No. 35.
Mr. Kasson to Mr. Evarts.

No. 90.]

Sir: I have heretofore had occasion to speak of the cloudy definition given to the public of the views and purposes of this government in respect to the Oriental question. The more satisfactory condition of Austro-Hungarian internal affairs, and the necessity of greater precision in the presence of the Berlin congress, have naturally led to a clearer understanding of the views and claims of the cabinet at Vienna. Owing to the secrecy imposed on the members of the congress, which has been in the main well observed until results were attained, the fourscore of journalistic correspondents at Berlin have been able to do little else than confuse the public judgment by their unauthorized reports. What I have now to communicate is founded, therefore, upon actual events here, [Page 45] and a careful comparison of the announcements and arguments presented by the journals of this empire.

It appears, then, that there are two controlling considerations which shape Austro-Hungarian policy:

I. Hostility to Sclavic influence.

There exists a very strong hostility to any new concentration of the power and influence of the Sclavic race outside of and near to her own frontiers. She fears that any new centers of such influence would become the seat of agitation for new combinations and further unity of the people of that race, which would in turn increase the existing dissatisfaction of that large portion of the race already embraced within this empire. The ruling Magyars of Hungary are especially sensitive on this point. Hence one fixed object of Austro-Hungarian policy at the congress is the restriction as far as possible of this generic element in the new semi-independent principality of Bulgaria. This naturally led to her alliance with England in all points which would strengthen the power of Turkey on the line of the Balkans, between Bulgaria and the new Roumelia, and for the maintenance of Turkish dominion over the latter province.

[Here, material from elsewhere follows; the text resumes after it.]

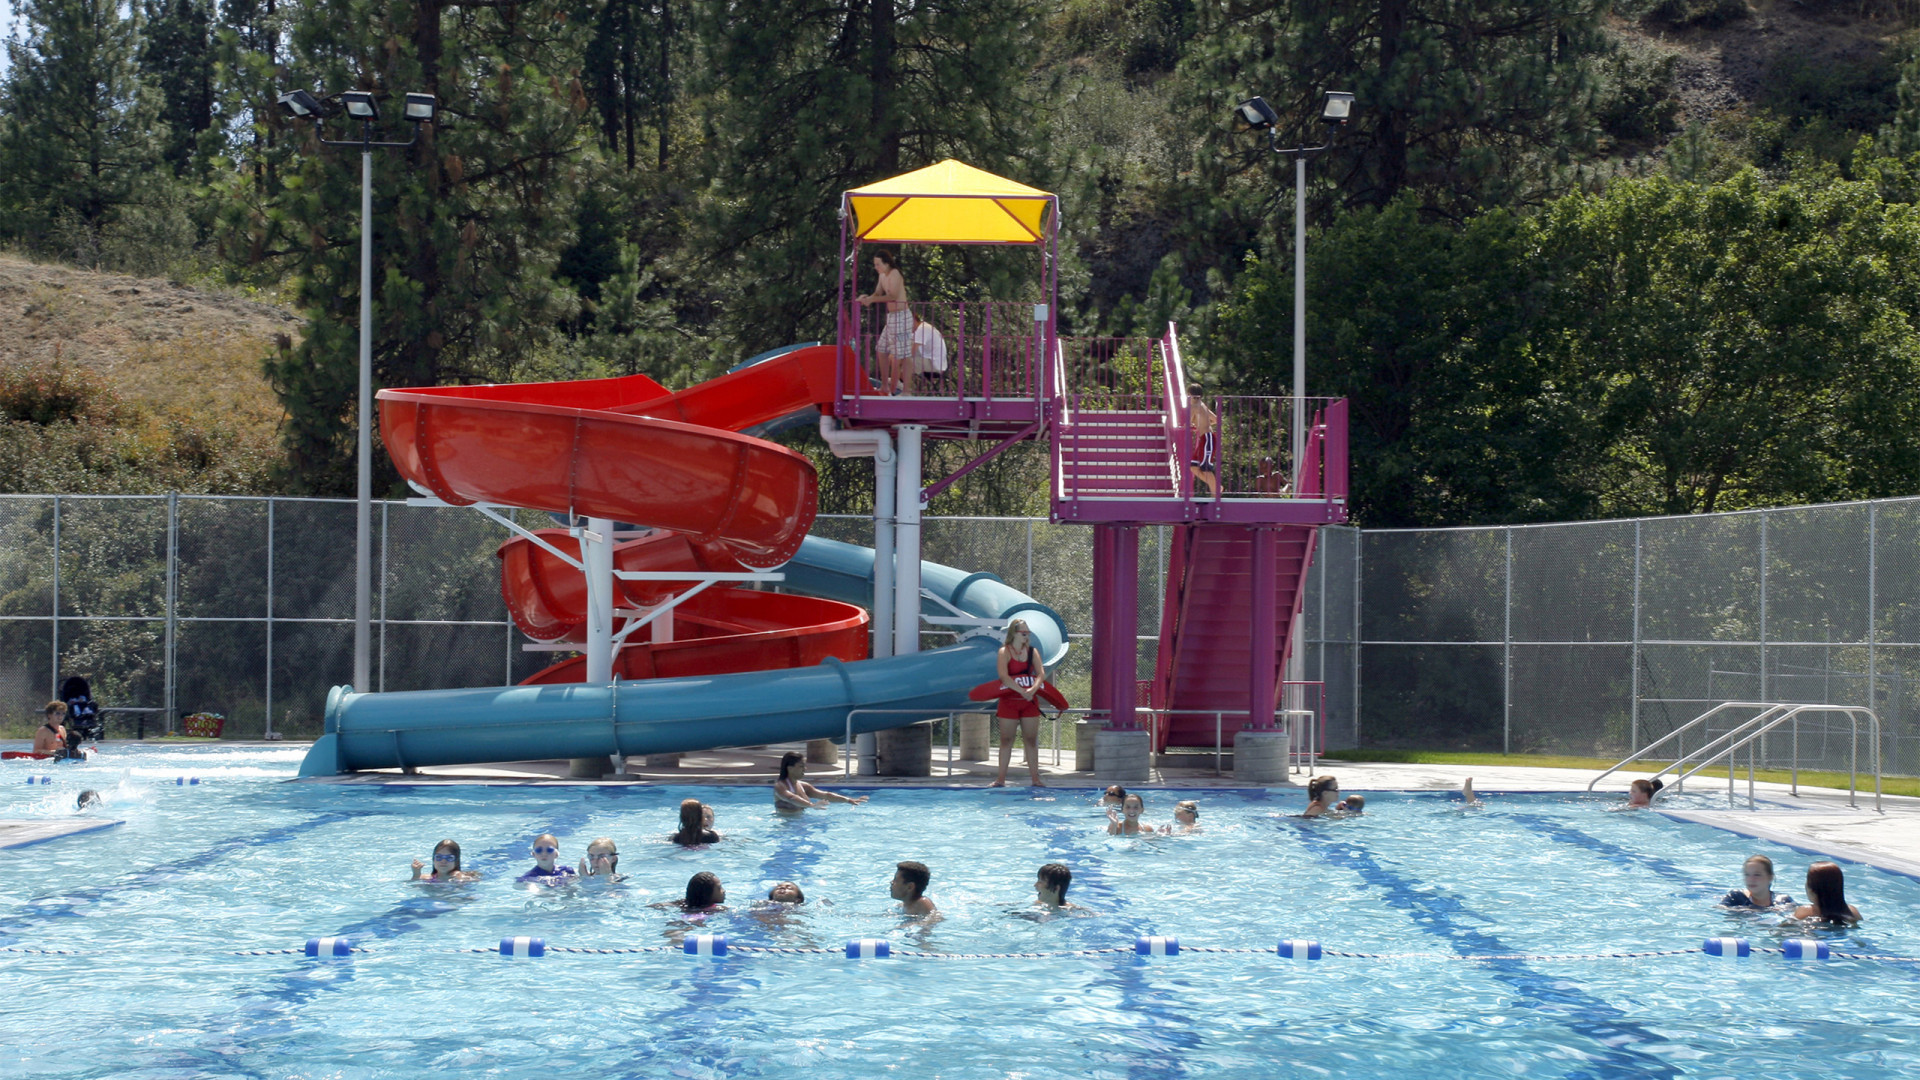 automatic pool covers spokane wa

The same sentiment has fixed her in a position of hostility to the northward extension of Montenegro and the southward extension of Servia. She will insist on securing as wide a space as possible between the boundaries of those two Sclavic principalities. Whether in this she will have the assistance of England remains to be seen.

There exists also her interest in the disposition to be made of the same race-elements existing in Bosnia and Herzegovina, which are conterminous with her own southern frontier. The presence there of a considerable Mohammedan population has led to chronic civil disorders, until they can hardly be said to be governed at all; and this empire has suffered consequently from the invasion of great numbers of pauper fugitives seeking refuge within her borders. A look at the map will also show that these provinces are geographically a back country whose outlet should be through the Austrian Adriatic provinces. I have heretofore written to you that Austria was preparing for a military occupation of these provinces. This occupation appears now to have been postponed until the sanction of the Berlin congress shall have been sought and, if possible, obtained. The indications now are that she will receive this commission from European authority to restore order and security there, and that Turkey will not resist by force of arms. What ultimate result of future dominion will follow this occupation remains to be seen. But it will give Austria a new military position of great importance in the future supervision of Servia.

It is in this manner, according to the best light accessible to me, that this government proposes to quiet her fears of the increase of the power and influence of the Sclavic race, resulting from the emancipation of Turkish provinces in Europe. If it shall be only the beginning of the extension of this empire eastward and southward, it opens an interesting field for historical speculation. Let some great Hungarian statesman secure hereafter the control of the government, abandon the German alliance, ignore the German element, push his armies on the Ægean, anticipate Russia at Constantinople, resting the right of his empire on the Adriatic, his left on the Bosphorus and Ægean, with Buda-Pesth for his political and Constantinople for his commercial capital! What then?

II. Railway and commercial control in the East.

The second controlling object of Austro-Hungarian policy appears to [Page 46] be the attainment of certain lines of commercial communication across the Turkish provinces in Europe, by the aid of which she may find new markets and outlets for her products and manufactures. Beside the countries of Roumania and Servia, with which she is already in communication both by the Danube and by railway, there are large interior districts into which run the railways from Constantinople and from Salonica.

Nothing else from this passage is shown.